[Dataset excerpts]
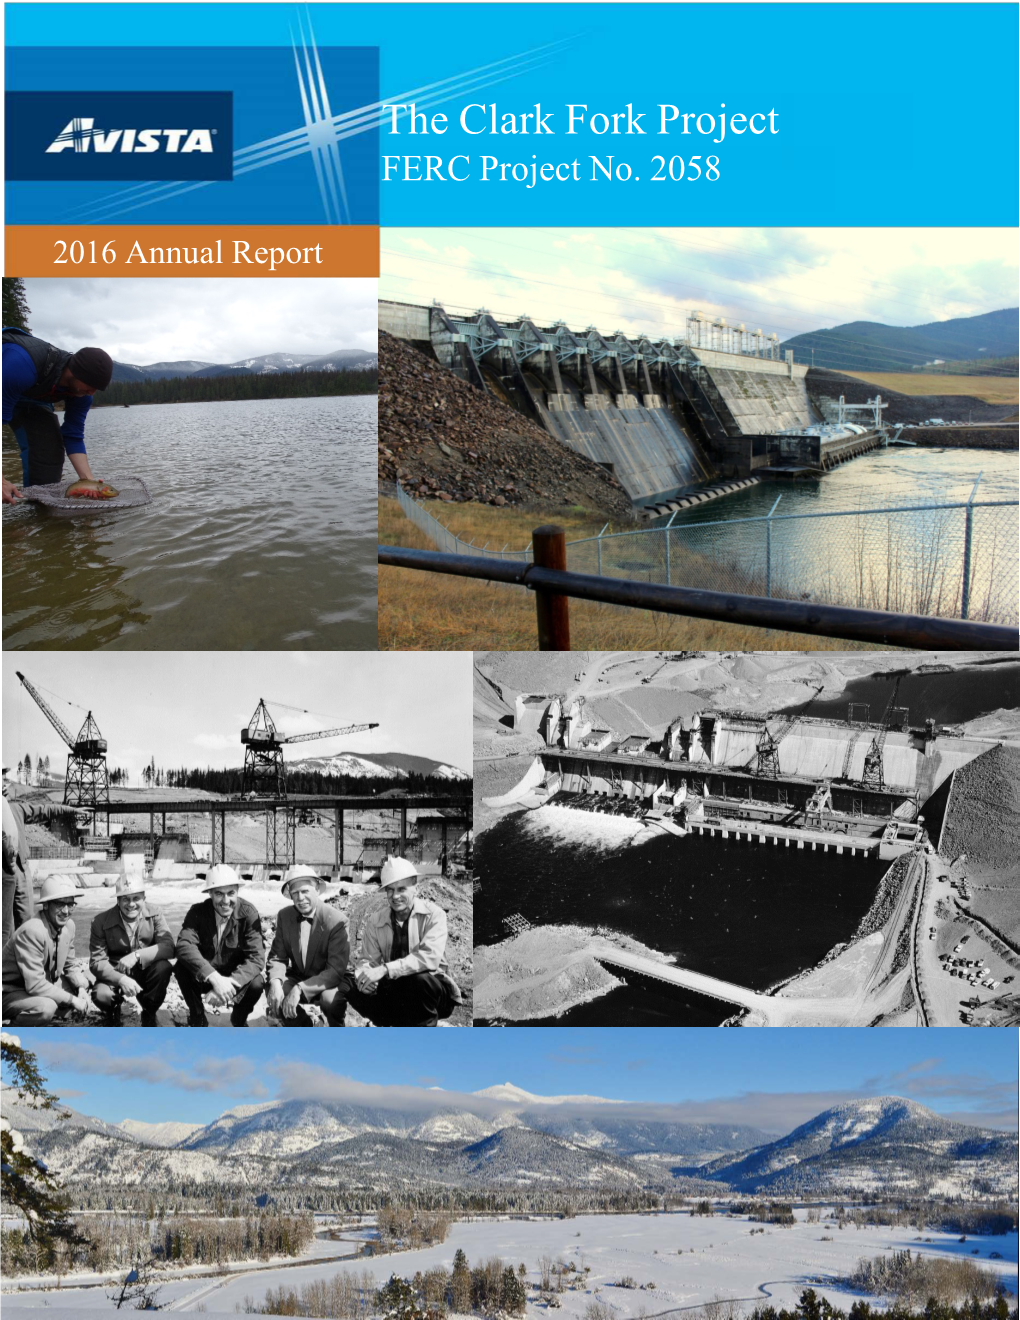 The Clark Fork Project
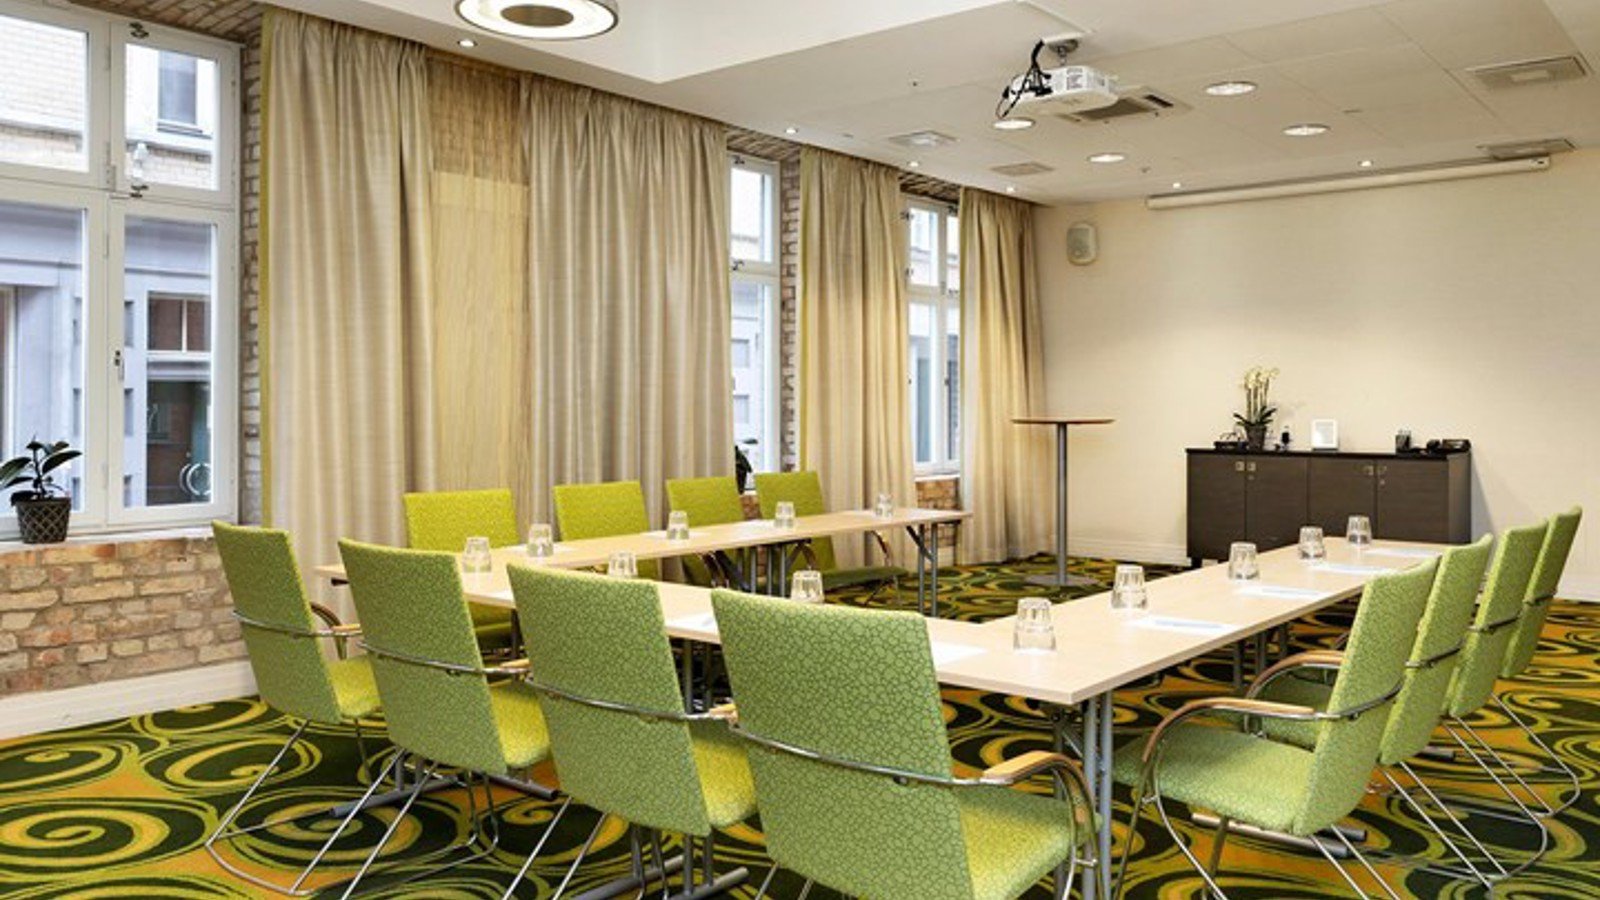 Conference room with green chairs, green patterned carpet and large windows
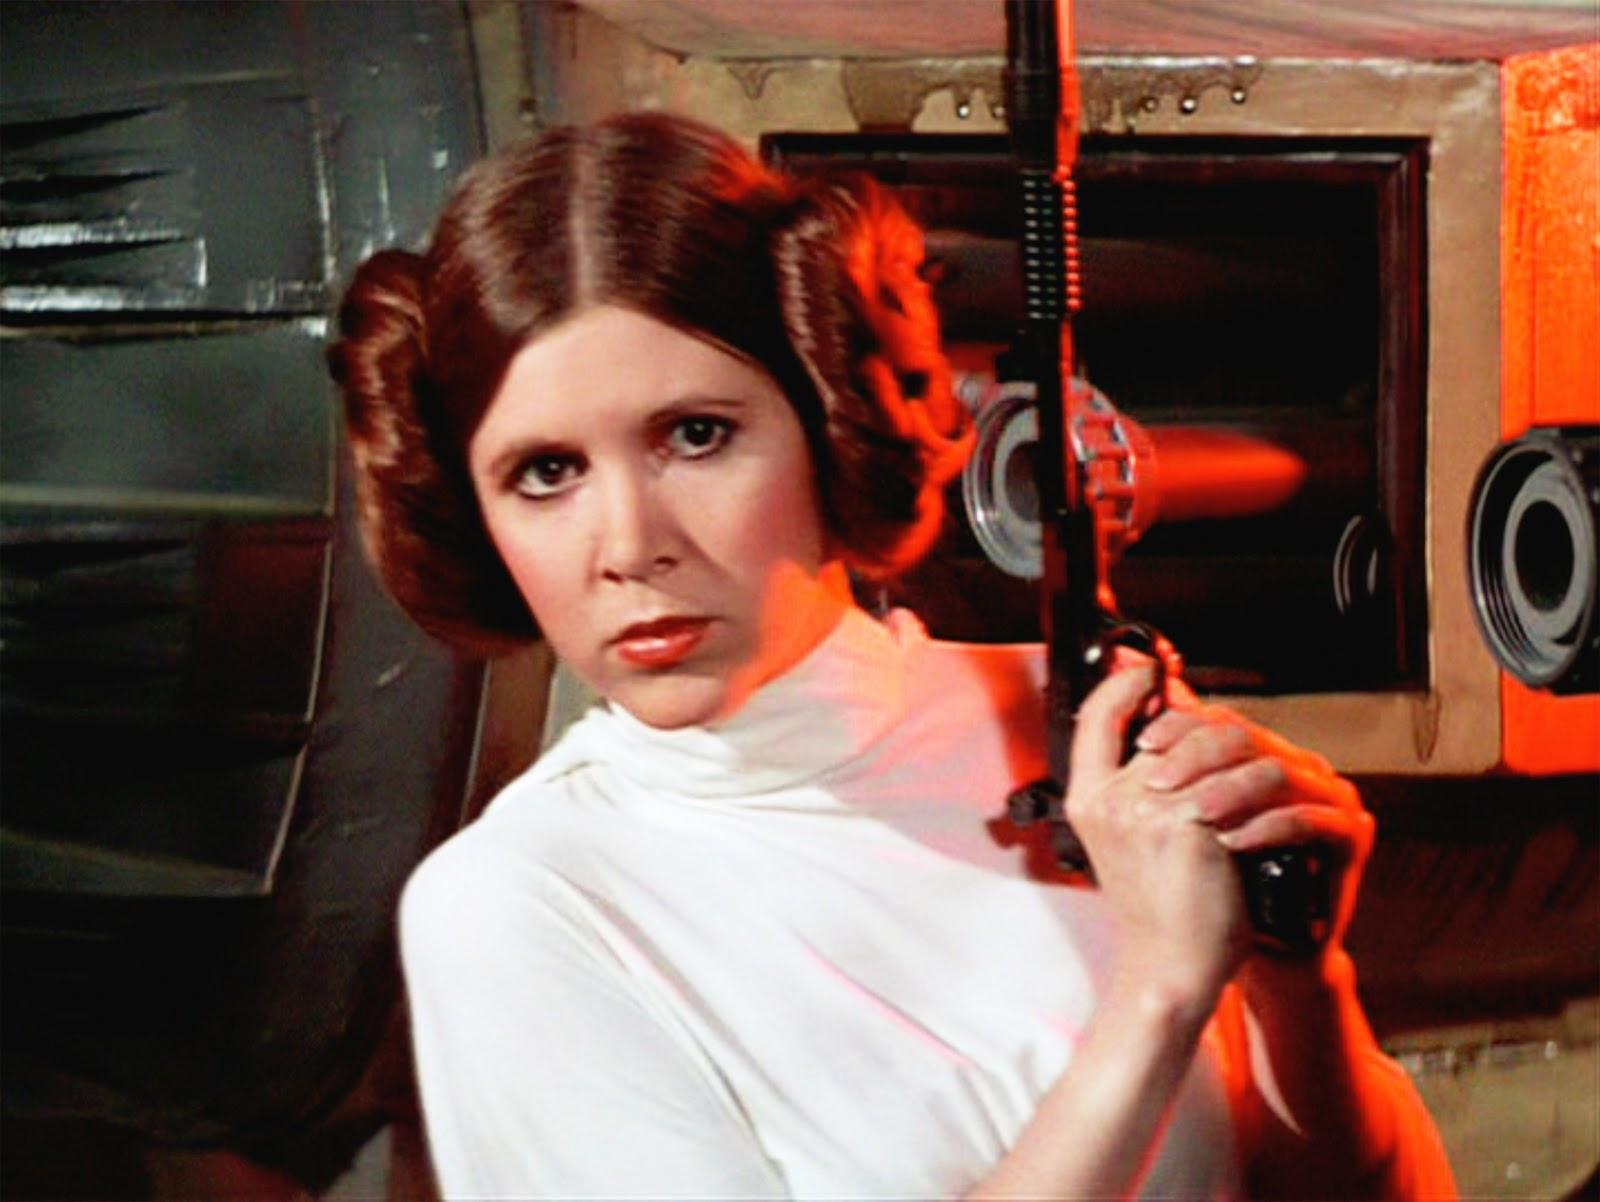 Carrie Fisher as Princess Leia in Star Wars IV: A New Hope
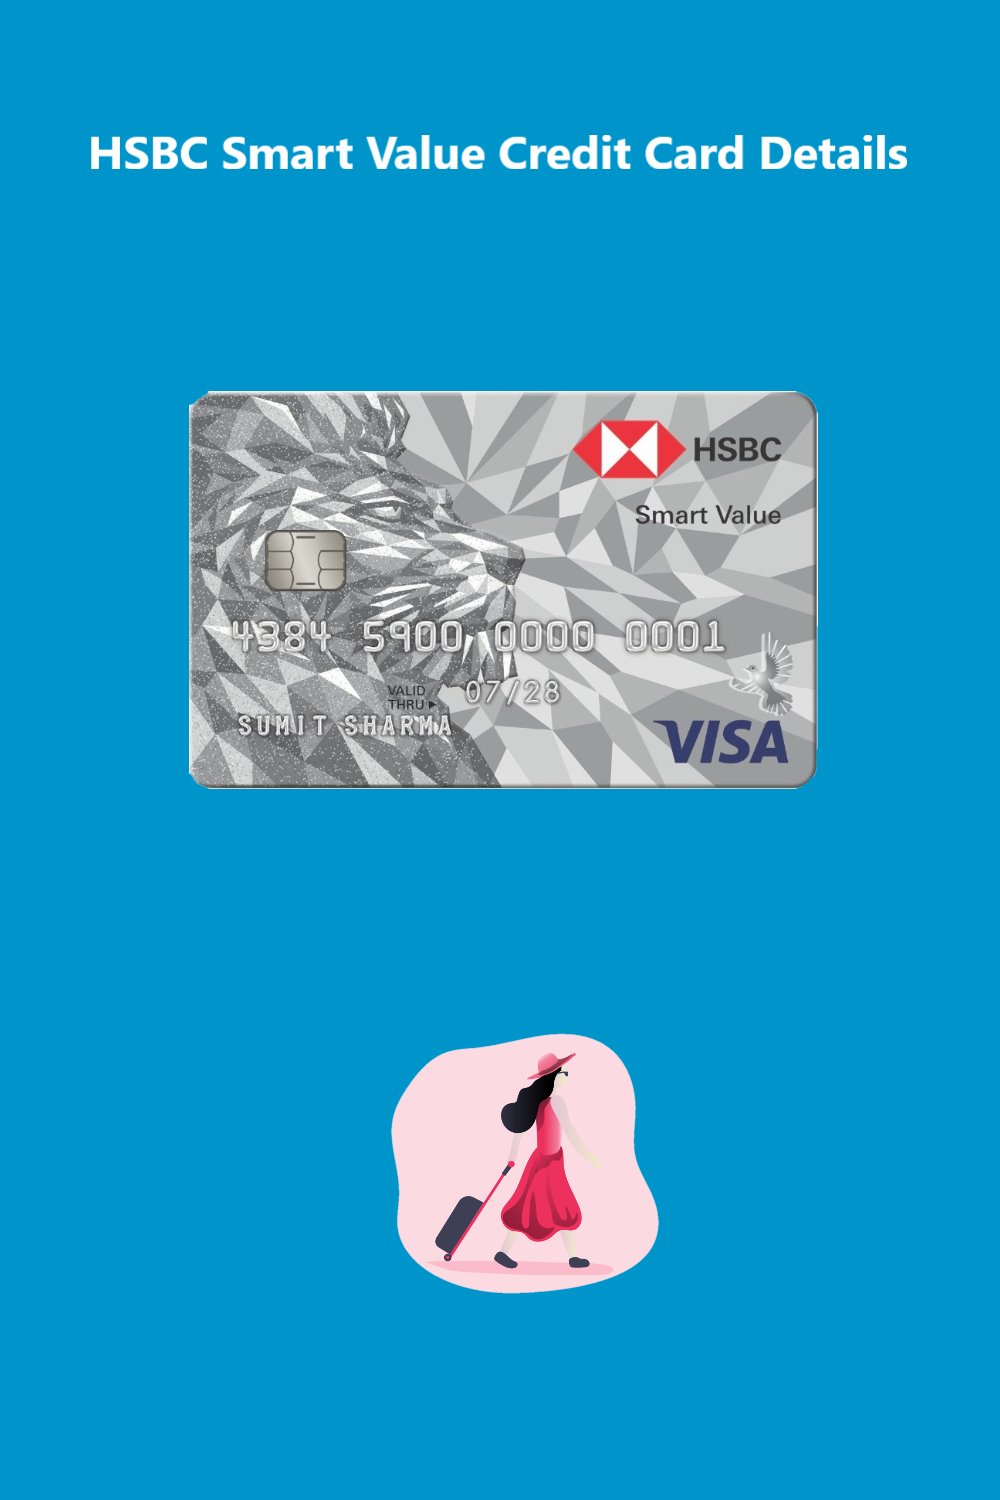 HSBC Smart Value Credit Card: Check Offers & Benefits
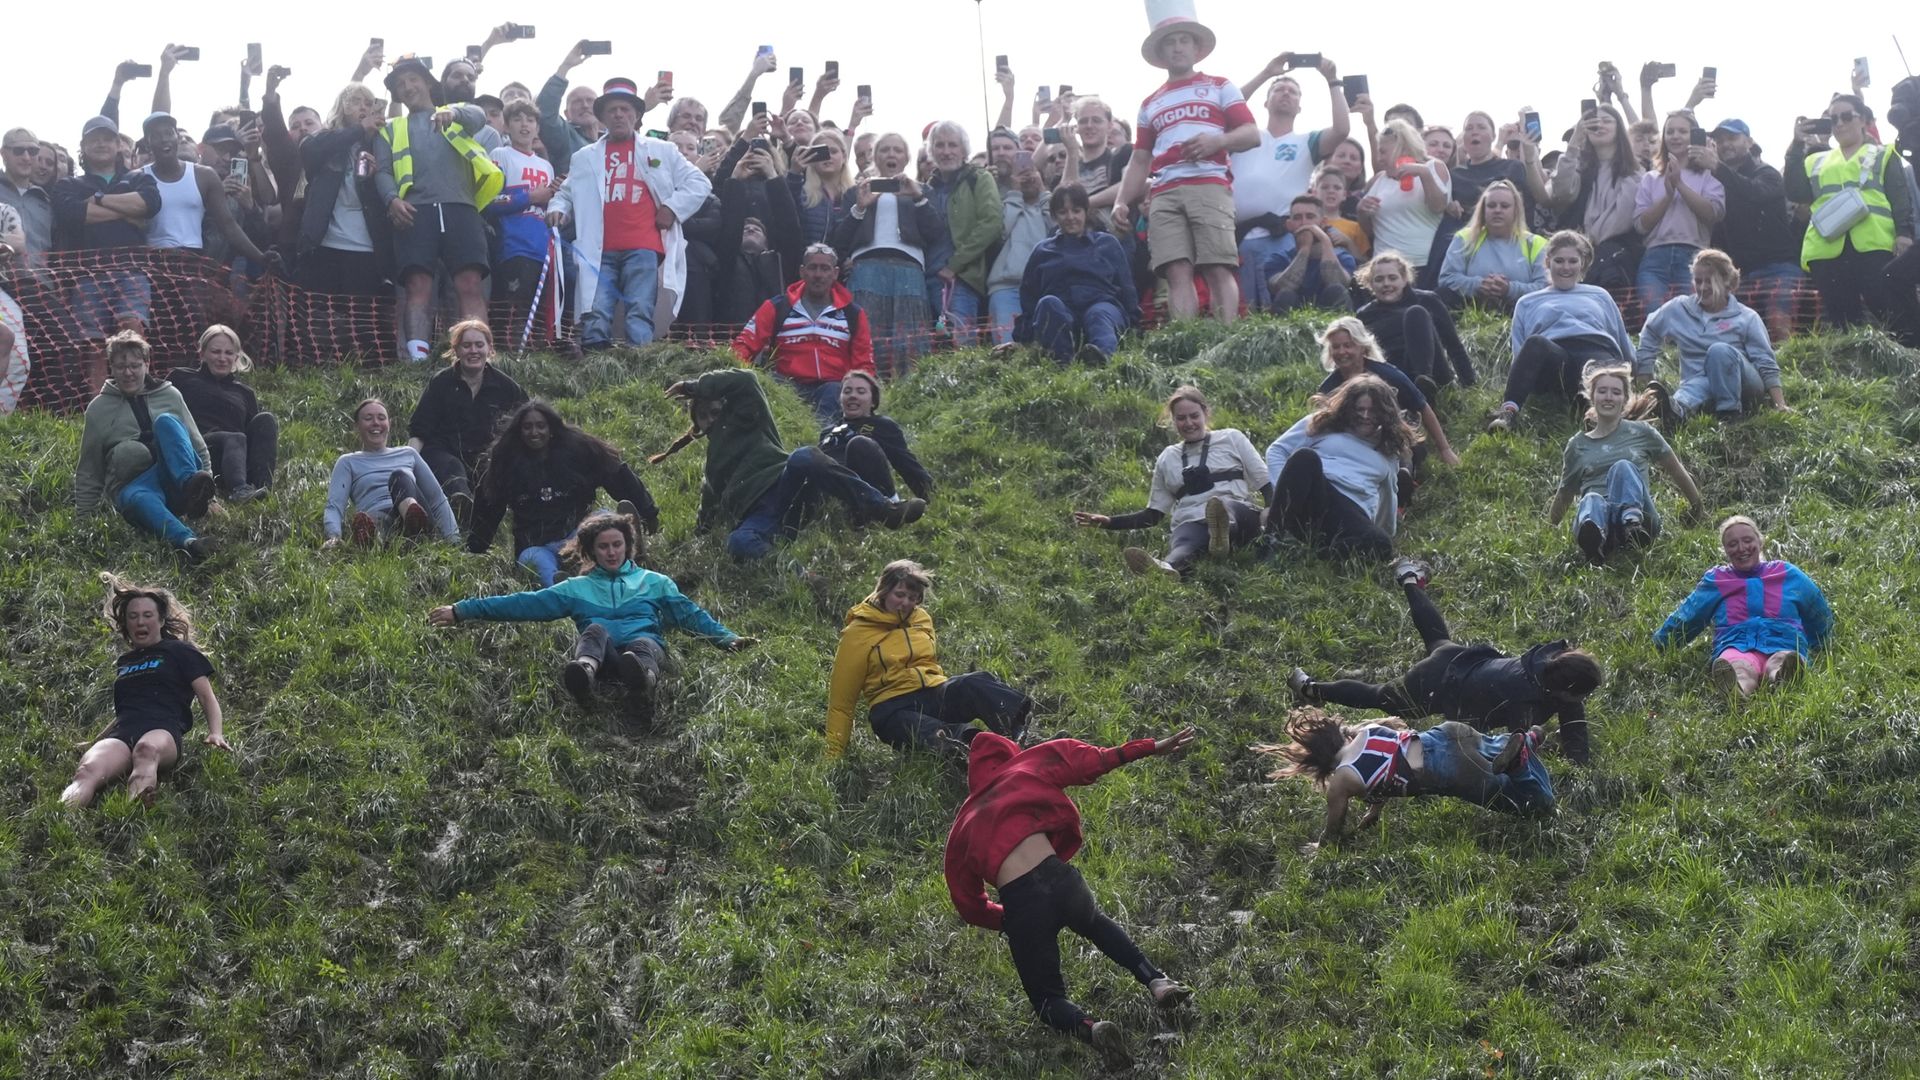 Dairy-loving daredevils descend on Gloucestershire for annual cheese-rolling race

### Requirement
Each entry above must be printed exactly, apart from its pictures.

### Answer below
 The Clark Fork Project
 Conference room with green chairs, green patterned carpet and large windows
 Carrie Fisher as Princess Leia in Star Wars IV: A New Hope
 HSBC Smart Value Credit Card: Check Offers & Benefits
 Dairy-loving daredevils descend on Gloucestershire for annual cheese-rolling race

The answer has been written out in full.